Но здесь… здесь он вынужден был начать с элементарных, долгих и скучных приготовлений, которые он, разумеется сделал бы с не меньшим блеском… но он ведь в течение бог весть какого времени не занимался этим. Хишин, который лучше всех остальных понимал, в какой ловушке оказался великий иерусалимский чудодей, постоянными шутками пытался разрядить атмосферу — настолько хотя бы, чтобы время проходило быстрее и приятнее, а сам друг не ощущал бы себя объектом эксплуатации. Рассчитывал ли он на дополнительное вознаграждение от семьи Лазаров? Это было сомнительно. Или и он, подобно мне, мог рассчитывать на оплату не в деньгах, а в виде каких-то благ? На этот вопрос ответа у меня не было. Ни в отношении Хишина, ни в отношении Левина, который будучи, по преимуществу, терапевтом, занял свою позицию поближе к анестезиологам, имевшим отношение к вопросам, связанным с душой. Они повесили простыню между грудью Лазара и его лицом, прикрыли ему глаза и зафиксировали шею, постепенно уменьшив давление крови и погружая во все более глубокий сон в ожидании того, наиболее болезненного момента; момента, когда грудь будет вскрыта электропилой — операции, которую колдун из Иерусалима проделал с такой ошеломляющей быстротой и апломбом, что Хишин не мог удержаться от крика «браво», на что его старый друг ответил слабой улыбкой, перегнувшись, чтобы украдкой взглянуть на застывшее лицо пациента, чей глубокий сон, подтверждался показаниями приборов и параметрами характеристик, которые высверкивали искрами на инструментах вокруг нас, свидетельствуя, что сам Лазар не был потревожен этим ужасным распилом.

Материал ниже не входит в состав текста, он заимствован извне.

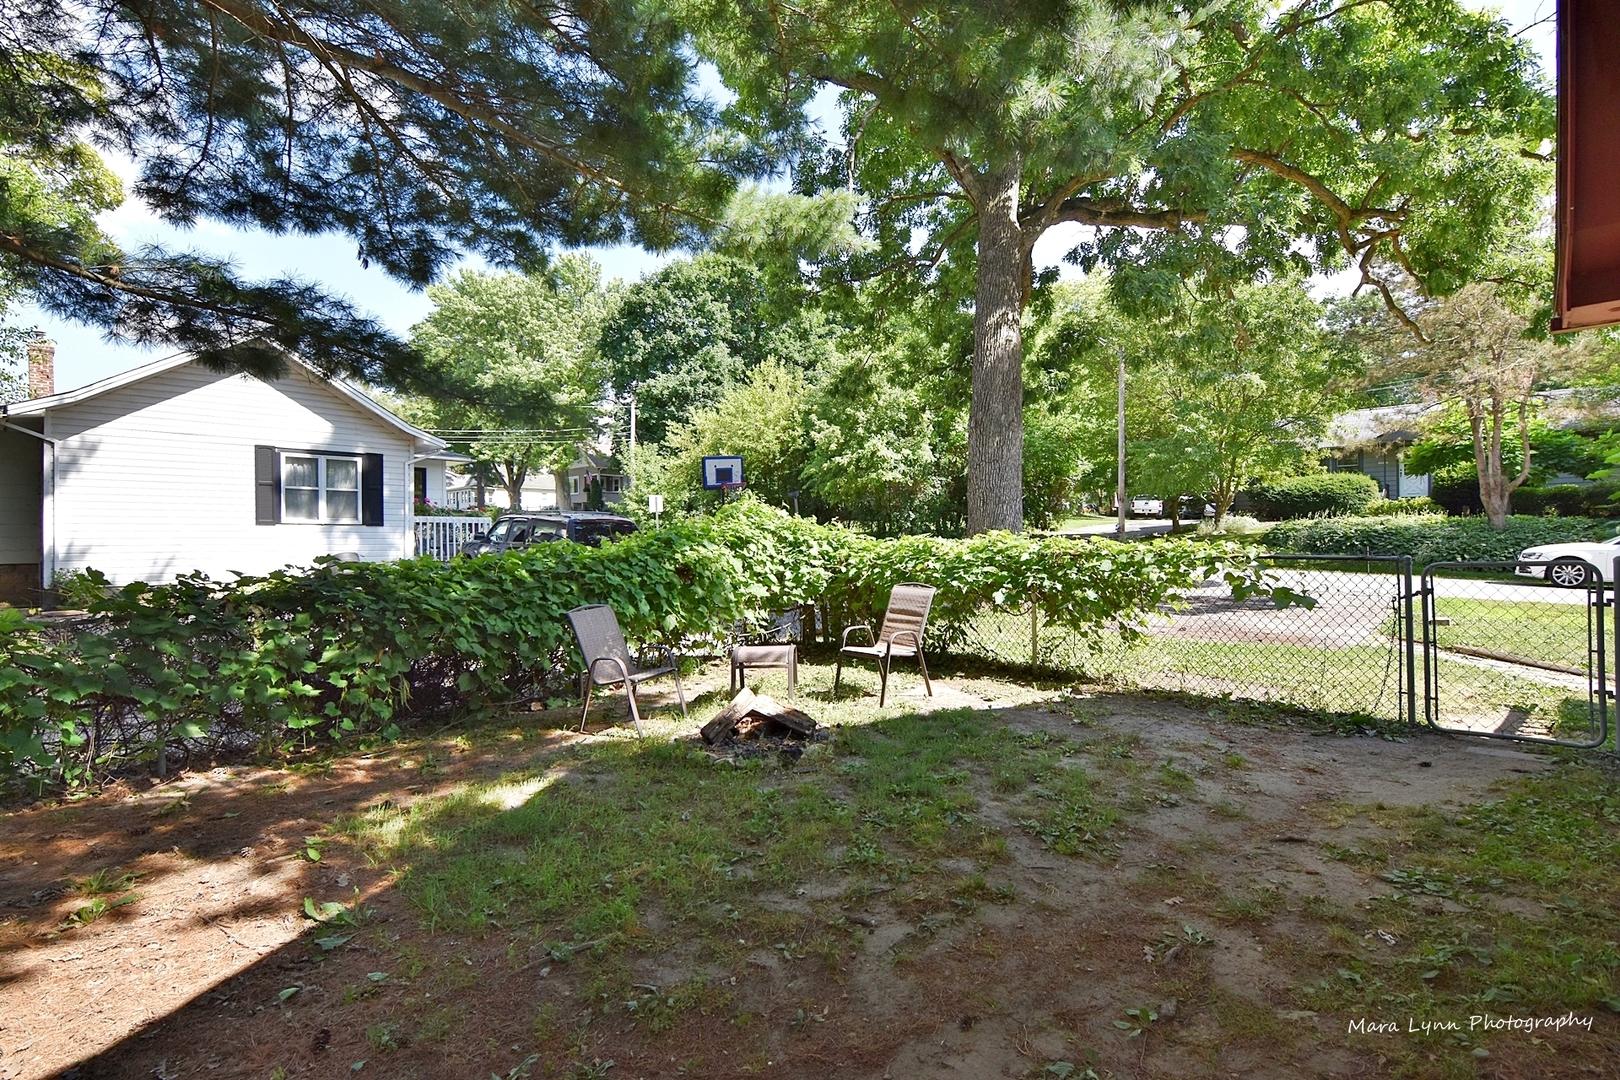 35W392 Lambert, ST. CHARLES, Illinois, 60174

Хотя я стоял только что не вплотную к профессору Левину, он упрямо игнорировал меня, как если бы с того момента, когда решил не возвращаться, чтобы подвергнуться его переэкзаменовке и расспросам о том, что произошло в Индии, он исключил меня из сообщества достойных людей и перевел в категорию моральных уродов. Но зная — как знал я, что, несмотря на все его внутренние проблемы, он был и оставался одним из самых мыслящих и интеллигентных врачей в больнице, я предпочел наблюдать за выражением его лица, которое оставалось серьезным и строгим, как если бы то, что происходило здесь, вызывало у него чувство глубокой тревоги. Была ли вызвана эта тревога, эта озабоченность тем фактом, что он был терапевтом, спрашивал я себя, а потому в течение долгого времени ему не приходилось бывать в операционной? А может быть, его беспокоила мысль об очередном приступе безумия, который ему предстояло перенести, и который его друг Лазар должен будет допустить после своего пробуждения — пусть даже много недель спустя?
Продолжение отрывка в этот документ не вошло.